How to Book Konoba Fetivi in Split
Published
One phone number, no widget, closed Sundays: Konoba Fetivi answers on +385 21 355 152 or it doesn’t answer at all. The Piplović family’s Bib Gourmand konoba in Vlaška Varoš presents the day’s catch on a trolley, debones it for you, and charges about €30 a head for the privilege — which is why summer tables go by phone, days ahead.
The Varoš House
Fetivi sits at Tomića stine 4, in the stone lanes of Varoš behind the Church of St Francis — the fishermen’s quarter that predates every marble boulevard the cruise crowds photograph. The Piplović family (Duje Piplović speaks for a household with generations of Split restaurant history) runs a compact interior and a covered courtyard, and the Michelin Guide has kept a Bib Gourmand on the door since 2018 for the same reason the room fills: Dalmatian home cooking, priced like it. Our Fetivi review is the traditional counterweight to Bokamorra on any honest Split itinerary.
The Phone Is the System
No platform carries Fetivi — Michelin lists no reservation channel, and that is not an oversight. Call +385 21 355 152, in the afternoon, a few days ahead in July and August; Instagram messages (@konoba_fetivi) work as the fallback. Hours are Monday–Saturday 12:00–22:00, closed Sunday — the day-trip planner’s classic Split mistake. Off-season and at lunch, walk in. The room is small enough that a party of six is an event: call further ahead and say so.
Order Off the Trolley
The waiter brings the day’s fish to the table raw and you choose — premium species around €95 a kilo, the local catch nearer €70, scampi at €98 — then the kitchen grills it and debones it tableside. Around that ritual: cuttlefish black risotto (€19), octopus salad (€21), the octopus-and-chickpea stew (€20) that argues for winter visits, cuttlefish stew with polenta (€20), and a chef’s grilled-fish selection for two with salad at €65 — the sane default. Michelin’s inspectors single out the dried-fig-and-walnut cake; obey them. Average spend runs about €30 a head with house wine, cards accepted.
The Split Play
Lunch at Fetivi beats dinner for first-timers: the trolley is fullest, the courtyard is cool, and the evening rush hasn’t compressed the service. Book dinner for the second visit, when you know to open with the black risotto. Walk it off through Varoš up toward Marjan hill, and give the other end of the waterfront to Bokamorra’s pizzas the next night — the two bookings together are the whole city. The full map is in our Split dining guide and the 2026 Split guide; the first-date list keeps a courtyard table here for September.

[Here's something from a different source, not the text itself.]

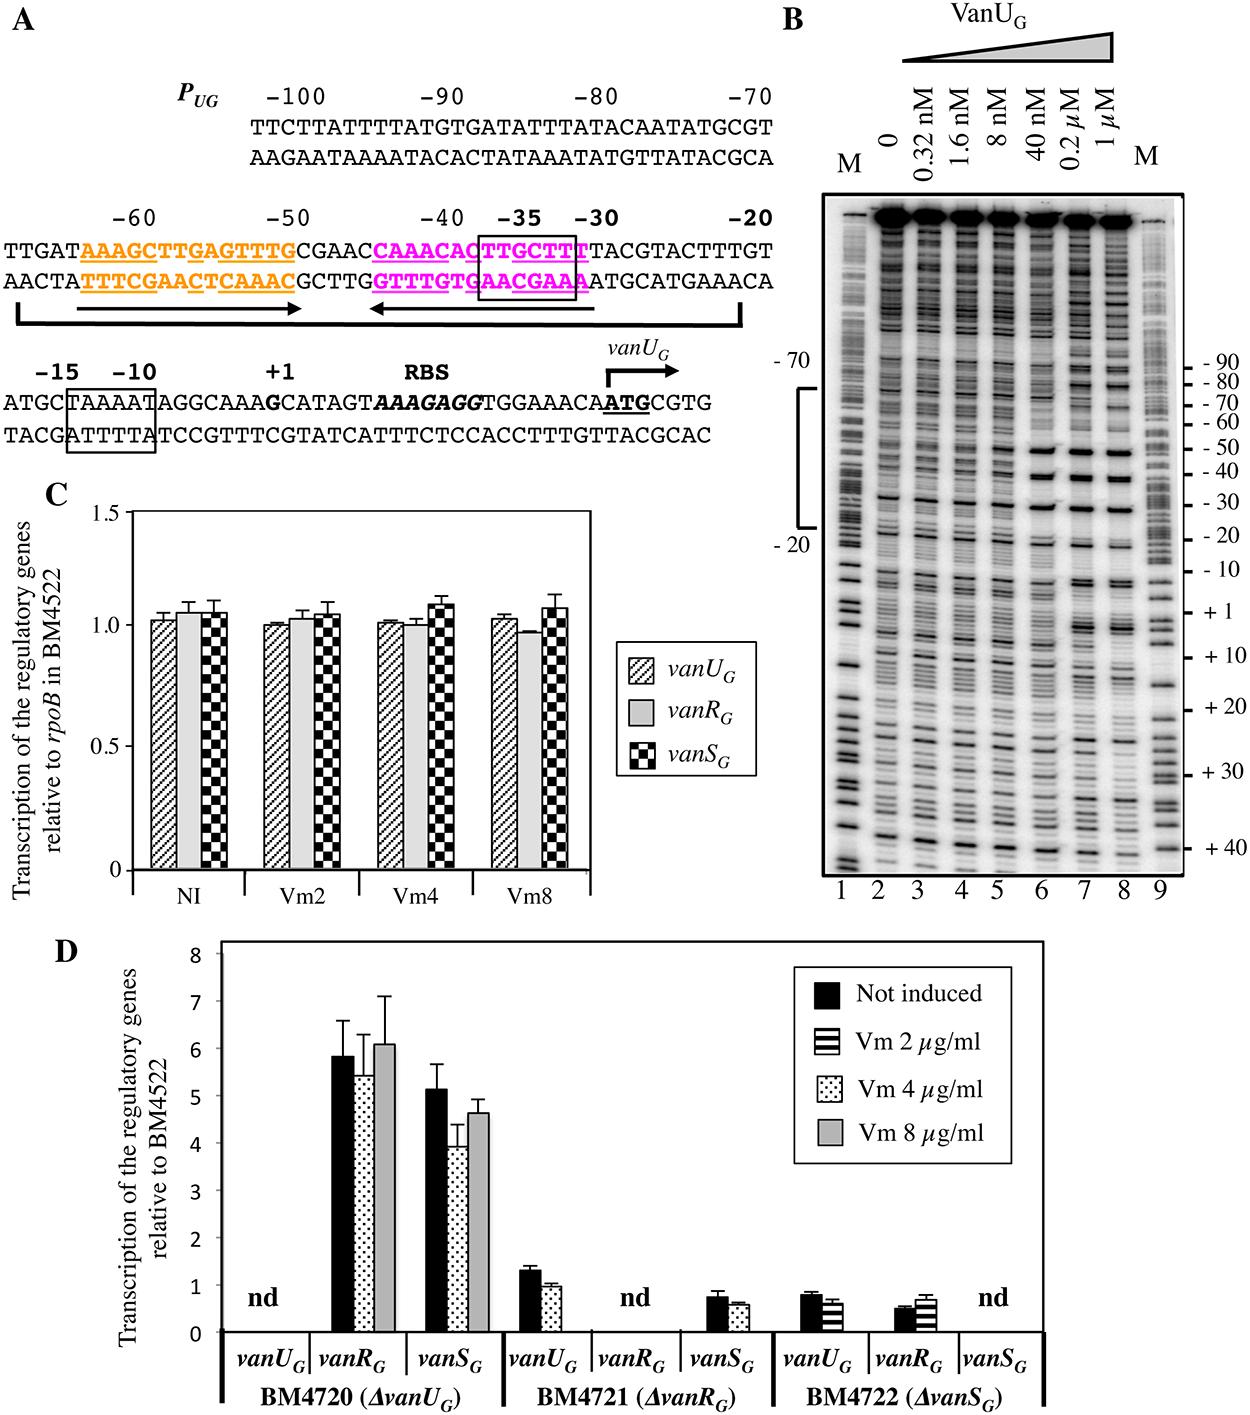 Binding sites of VanU<sub>G</sub> to the <i>P</i><sub><i>UG</i></sub> regulatory promoter (A, B) and regulatory genes transcription (C, D).

View Konoba Fetivi on Restaurants for Kings →
Related Reading
- Our full profile: Konoba Fetivi review.
- The city: Split dining guide and the 2026 guide.
- The other Split booking: Bokamorra.
Frequently Asked Questions
How do you book Konoba Fetivi?
Phone only: +385 21 355 152, with Instagram (@konoba_fetivi) as the fallback — no booking platform carries it. Call a few days ahead for July–August dinner; lunch and off-season usually walk in. Closed Sundays.
How does the fish trolley work?
The day’s whole fish comes to the table raw; you pick, it is weighed, grilled and deboned for you. Premium species run about €95 a kilo, local catch nearer €70, scampi €98 — or take the chef’s grilled selection for two at €65 and let the house choose.
How much does dinner at Fetivi cost?
About €30 a head on average — black risotto at €19, stews at €20, octopus salad at €21 — unless the whole-fish trolley raises the stakes. It is the best cooking-to-bill ratio in the old town, which the Bib Gourmand has certified since 2018.
Where is Konoba Fetivi?
Tomića stine 4 in Varoš, the old fishermen’s quarter behind the Church of St Francis — three minutes from the Riva, a century away from it. Compact interior plus a covered courtyard; parties of six and up should call well ahead.
Is Fetivi open on Sunday?
No — Monday to Saturday, 12:00–22:00, closed Sunday. It is the standard Split itinerary mistake; book Saturday instead and give Sunday to the islands.